The predicted extinction  of great skuas in the UK is of global conservation concern, given that the UK currently holds 60% of the world breeding population.


1 Holliday, NP, Kennedy, J, Kent, EC, Marsh, R, Hughes, SL, Sherwin, T & Berry, DI 2008. MCCIP Annual Report Card 2007-2008 Scientific Review - Sea Temperature. Marine Climate Change Impacts Partnership

2Beaugrand, G., Brander, K. M., Lindley, A., Souissi, S. & Reid, P. C. 2003.  Plankton effect on cod recruitment in the North Sea. Nature 426: 661-664.

3Arnott, S. A. & Ruxton, G. D. 2002. Sandeel recruitment in the North Sea: demographic, climatic and trophic effects. Mar. Ecol. Prog. Ser. 238: 199-210.

4Frederiksen, M., Harris, M. P., Daunt, F., Rothery, P. and Wanless, S (2004) The role of industrial fisheries and oceanographic change in the decline of North Sea black-legged kittiwakes. Journal of Applied Ecology, 41, 1129-1139.

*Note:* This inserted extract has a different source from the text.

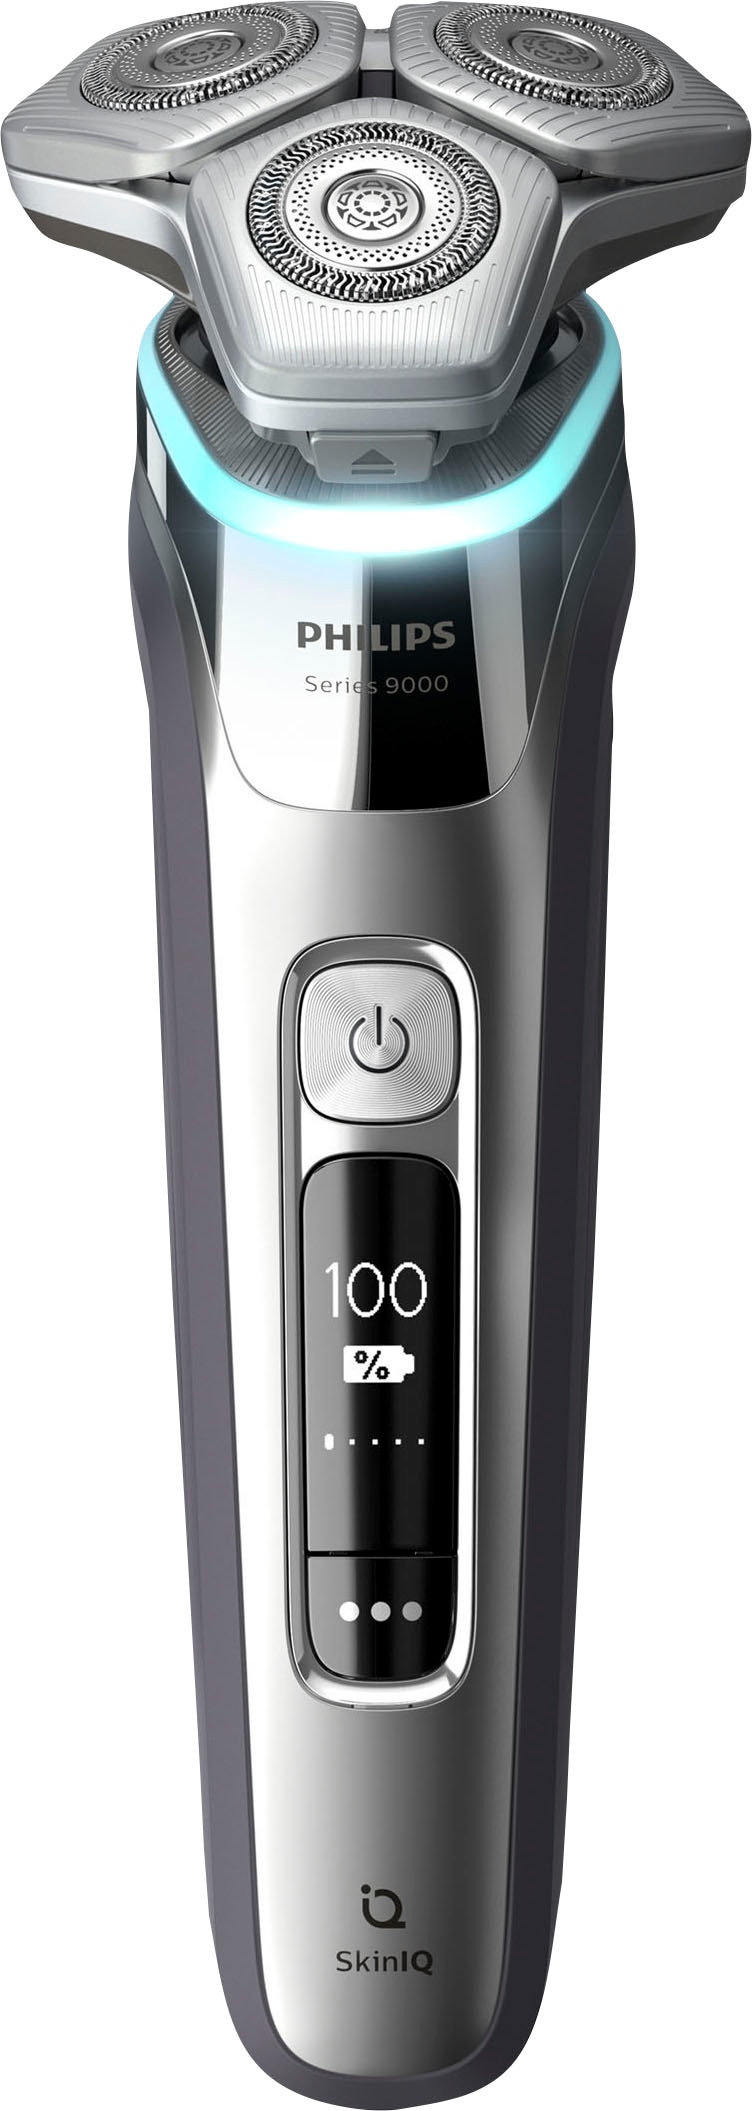 SkinIQ 9000 S9974/35«, Technologie XXL Ladestand mit mit Elektrorasierer Philips und ausklappbarer Jahren Series Garantie Etui, Präzisionstrimmer, »Shaver 3

5 Frederiksen M, Mavor R. A., and  Wanless S 2007. Seabirds as environmental indicators:

the advantages of combining data sets. Mar. Ecol. Prog. Ser.352: 205–211.

6 Wanless, S., Harris, M. P., Redman, P. & Speakman, J. R. 2005. Low energy values of fish as a probable cause of a major seabird breeding failure in the North Sea. Mar. Ecol. Prog. Ser. 294: 1-8.

7Frederiksen, M., Daunt, F., Harris, M.P. & Wanless, S. 2008. Stochastic weather drives survival and population dynamics in a long-lived seabird. Journal of Animal Ecology 77:1020-1029.

8Huntley B., Green R.E., Collingham Y.C. and Willis S.G. 2007. A climatic atlas of European breeding birds. Durham University, The RSPB and Lynx Edicions, Barcelona.